Breast cancer survivors (n = 12) | |
---|---|
Social demographics | |
Age, years [mean ± SD] | 55 ± 13 |
Race [no. (%)] | |
Caucasian | 8 (66.7%) |
African American | 3 (25.0%) |
Other | 1 (8.3%) |
Body mass index, kg/m2 [mean ± SD] | 30.4 ± 5.1 |
Waist circumference, cm [mean ± SD] | 89.1 ± 9.9 |
Cancer status | |
Months since diagnosis [mean ± SD] | 54 ± 56 |
Cancer stage [no. (%)] | |
DCISa | 2 (16.7%) |
1 | 4 (33.3%) |
2 | 4 (33.3%) |
3 | 2 (16.7%) |
Chemotherapy (yes) [no. (%)] | 8 (66.7%) |
Radiation yes [no. (%)] | 7 (58.3%) |
Health measures | |
Cardiorespiratory fitness, mL/kg/min [mean ± SD] | 20.2 ± 3.7 |
Fiber intake, grams [mean ± SD] | 14.9 ± 6.4 |
Post-menopausal (yes) [no. (%)]b | 10 (83.3%) |
Current smoker (yes) [no. (%)] | 1 (8.3%) |
Psychosocial measuresc | |
Anxietyd | 6 ± 3 |
Depressiond | 3 ± 3 |
Fatigue interferencee | 3 ± 2 |
Fatigue intensitye | 4 ± 1 |
Sleep dysfunctionf | 8 ± 4 |
Gastrointestinal history | |
GI disease [no. (%)] | |
Irritable bowel syndrome | 2 (16.7%) |
Inflammatory bowel disease | 0 (0.0%) |
Surgery [no. (%)] | |
Gastric bypass or bowel resection | 0 (0.0%) |
DCIS = ductal carcinoma in situ,
1 participant did not report menopausal status,
Higher scores for anxiety, depression, fatigue, and sleep dysfunction indicate greater disturbances,
Anxiety and depression = 14-item Hospital Anxiety and Depression Scale (0–21 scale for each),
Fatigue = Fatigue Symptom Inventory (1–10 scale),
Sleep dysfunction = Pittsburgh Sleep Quality Index (0–21 scale).

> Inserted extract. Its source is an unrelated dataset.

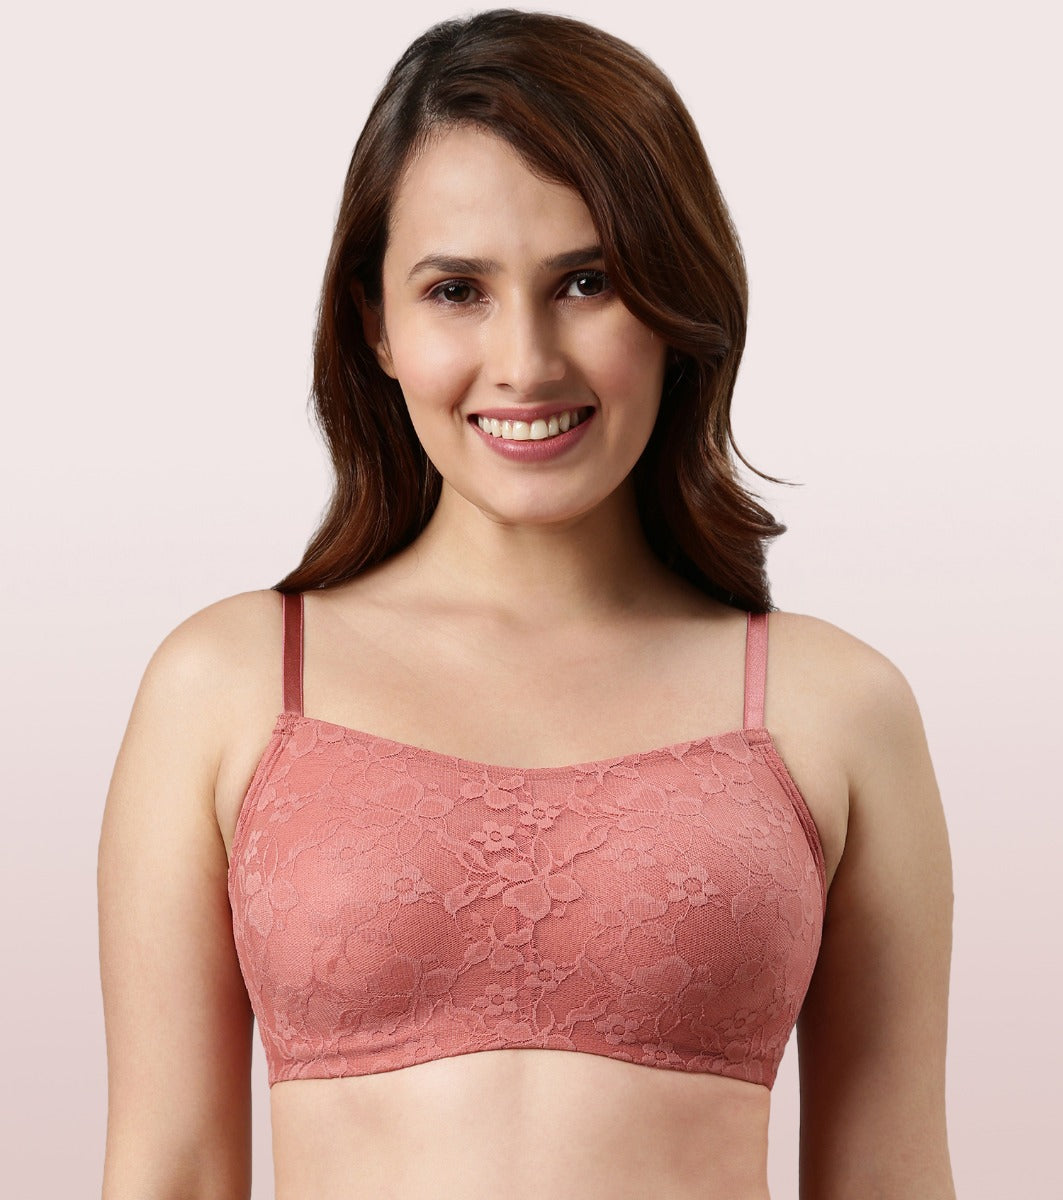 Enamor A019 T-Shirt Cotton Bra - Non-Padded Wirefree - Black 38C in  Vadodara at best price by Milan Collection - Justdial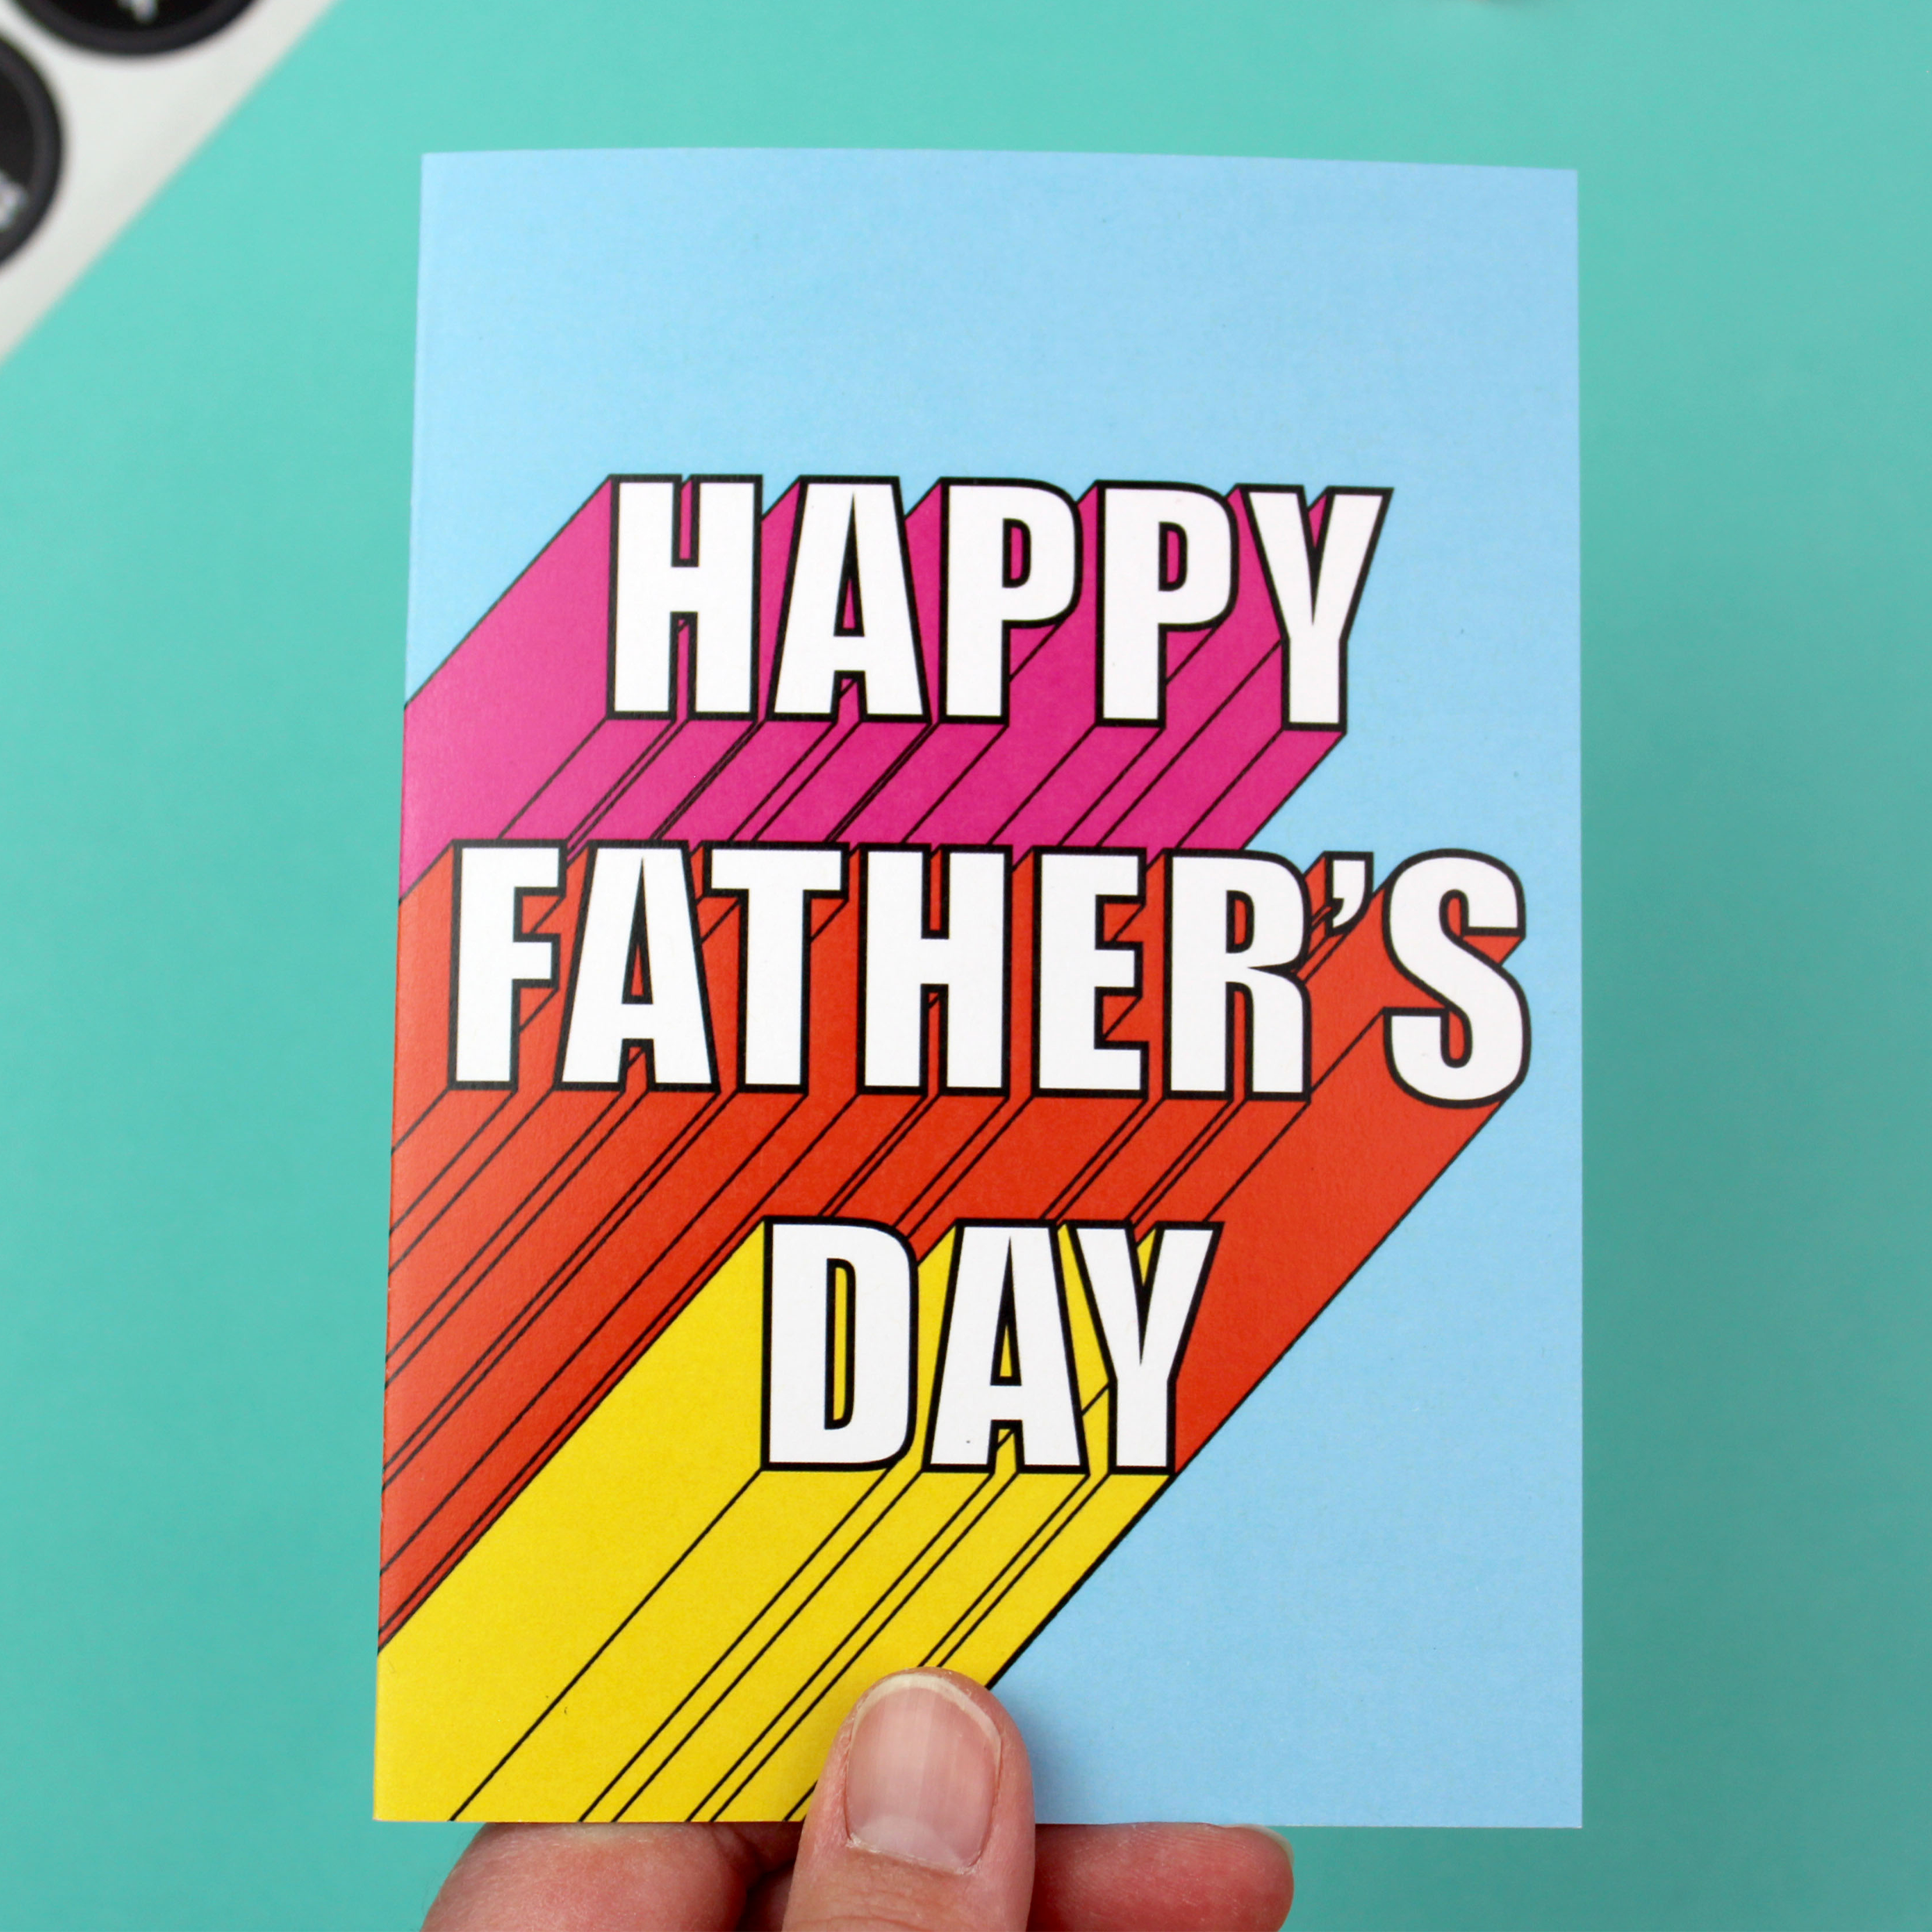 A hand holds a blue cards and a yellow envelope. The card has white writing that reads 'Happy Father's Day'. It has a 3D effect, with pink, orange and yellow colours.

Using weighted UniFrac clustering, significant differences in beta diversity were found for anxiety (p = 0.022) and fatigue interference (p = 0.01) at the latest time point suggesting shifts in taxa relative abundance, while sleep dysfunction (p = 0.056) and fatigue intensity (p=0.086) trended toward significance. Using unweighted UniFrac clustering, significant differences in beta diversity were found for cardiorespiratory fitness (p = 0.026) at the latest time point suggesting changes in specific taxa present. There were no significant differences in beta diversity for depression or fatigue intensity (p > 0.05 for weighted and unweighted UniFrac clustering). Of note, the two participants with the lowest baseline cardiorespiratory fitness and the largest magnitude improvements in cardiorespiratory fitness showed striking microbial diversity clustering at the latest time point (Figure 1). To ensure that differences in beta diversity were due to the changes in fitness and psychosocial measures, we performed the same clustering analyses using microbiome samples from the baseline time point. We found no significant differences in beta diversity with the baseline samples using any of the clustering methods (p > 0.05). In addition, number of participant comorbid medical conditions was not associated with beta diversity at baseline (p > 0.05) or follow-up (p > 0.05). There were no statistically significant associations between cancer factors (e.g., stage and treatment type) and alpha/beta diversity at baseline (p > 0.05). Paired t-test analyses indicated there were no statistically significant changes in carbohydrate intake, fiber intake or BMI from baseline to follow-up (p > 0.05). Additionally, there was no statistically significant association between change in self-reported amount of carbohydrate or fiber consumed and change in cardiorespiratory fitness (p > 0.05).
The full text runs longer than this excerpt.